Compared to Sect. 3.2.1, where we focused mainly on our search for the continuum emission, here we explain how we prepared the data cubes for molecular mapping, meaning that we wanted to remove the contribution of stellar spectrum from each spatial pixel, while preserving other spectral features like those produced by molecules in a planet atmosphere. Here, the planet continuum is not needed and it can be removed together with the stellar PSF. As in Hoeijmakers et al. (2018), we used the SkyCalc tool from ESO (Noll et al. 2012; Jones et al. 2013) to verify whether the wavelength solution found by the SINFONI pipeline matches the telluric lines of the synthetic spectrum. We found a mismatch of ~ 60 ± 9.8 km s−1 (~ 2 pix) between the wavelength solution delivered by the pipeline and the sky simulations provided by SkyCalc. We corrected this effect by shifting the wavelength of each frame to the rest frame given by the SkyCalc spectrum.

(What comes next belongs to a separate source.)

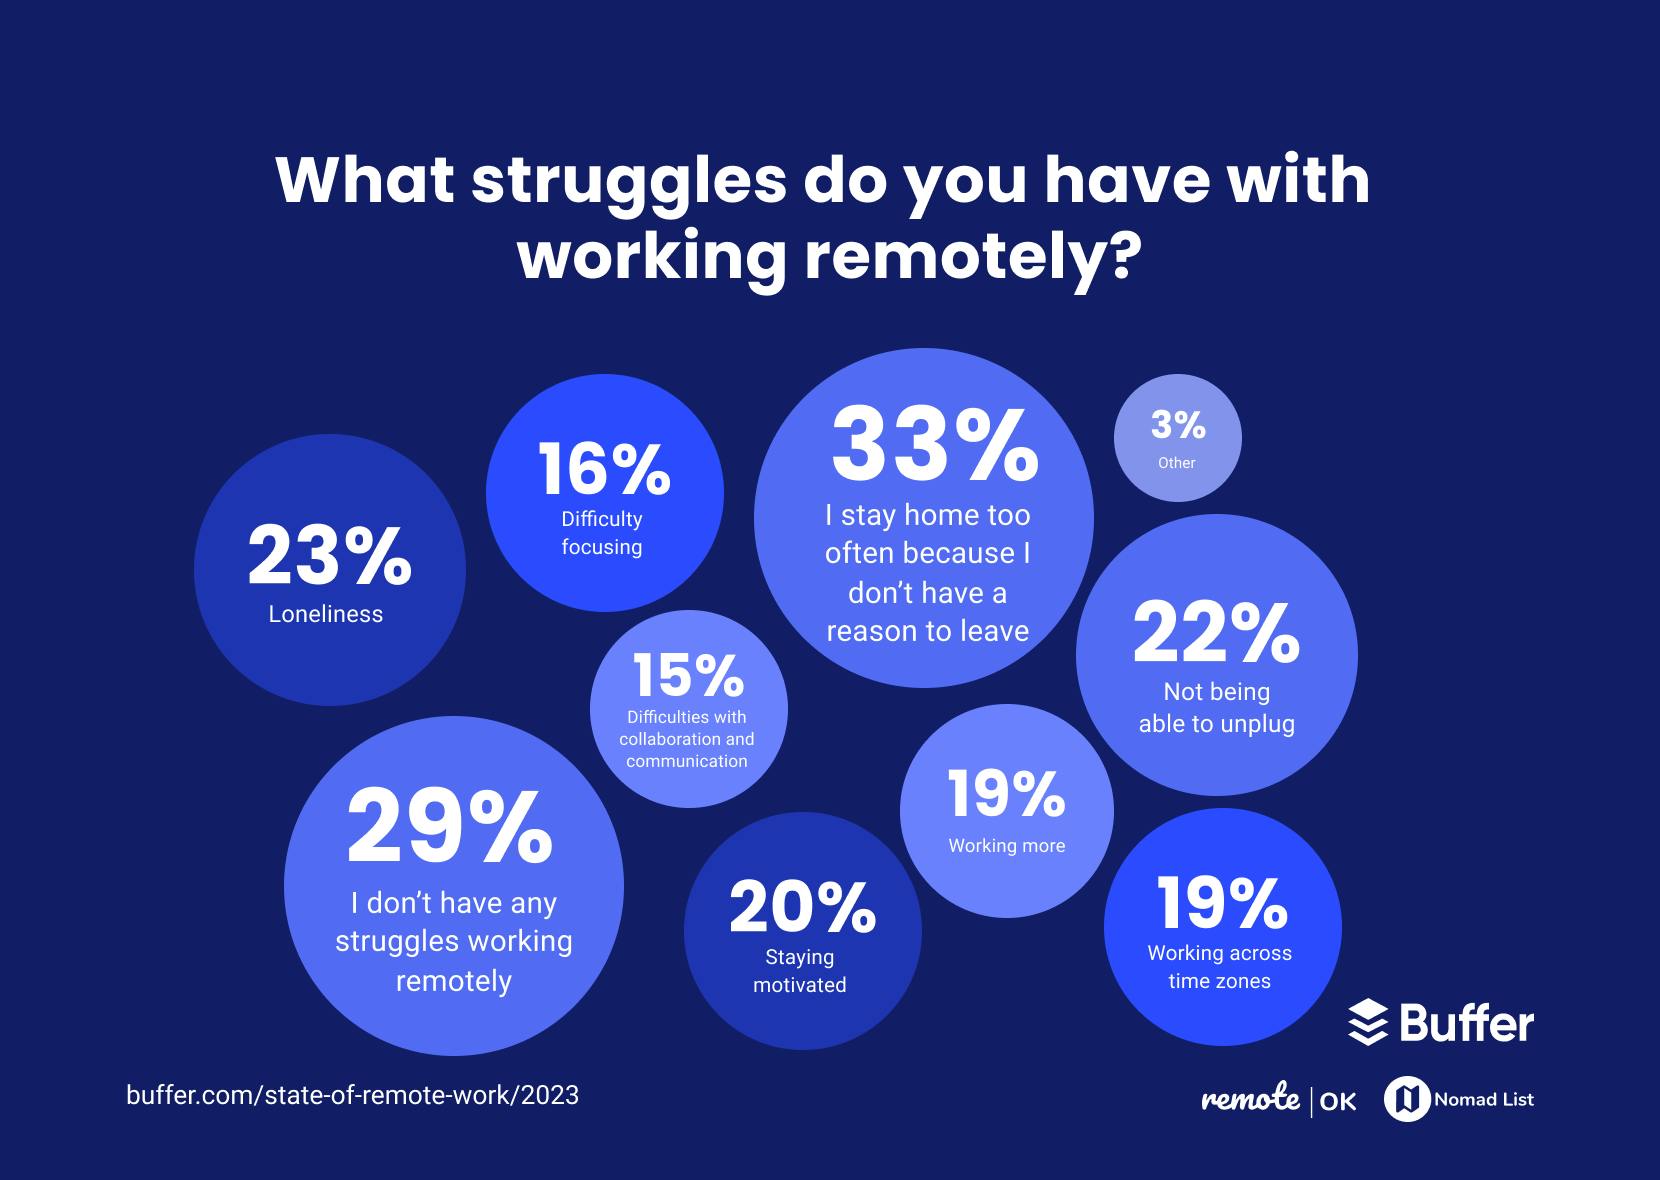 Photos: 20 home office must-haves for remote workers

After the basic reduction explained in Sect. 3.1, the PSF is removed using a spectral differential technique based on Hoeijmakers et al. (2018) and Haffert et al. (2019). Each spatial pixel is divided by its total flux after 12σ clipping to remove remaining hot pixels, and all the resulting spectra are median-combined to generate a reference spectrum, which does not include any planet signal because of the use of the median. The spectrum of each spatial pixel is then divided by this reference spectrum. The residuals are low-pass filtered using a Savitky–Golay filter (Savitzky & Golay 1964) of order 3 with a window of 31 channels (~ 7.6 nm) to remove spectral features that are as broad or broader than the filter size, leaving only high-frequency features. The filtered spectrum is then multiplied again by the reference spectrum. Modeling λ-dependencies over the PSF shape, this process delivers a continuum spectrum of the stellar PSF at each spatial pixel that does not include spectral features coming from the planet and the star. The final residuals are given by the subtraction of the initial spectrum from the local reference filtered spectrum. The spatial pixels of each individual cube are then used for building a reference library through PCA to remove correlated noise within the cube itself. This step is performed cube by cube and each time the first 20 components were removed.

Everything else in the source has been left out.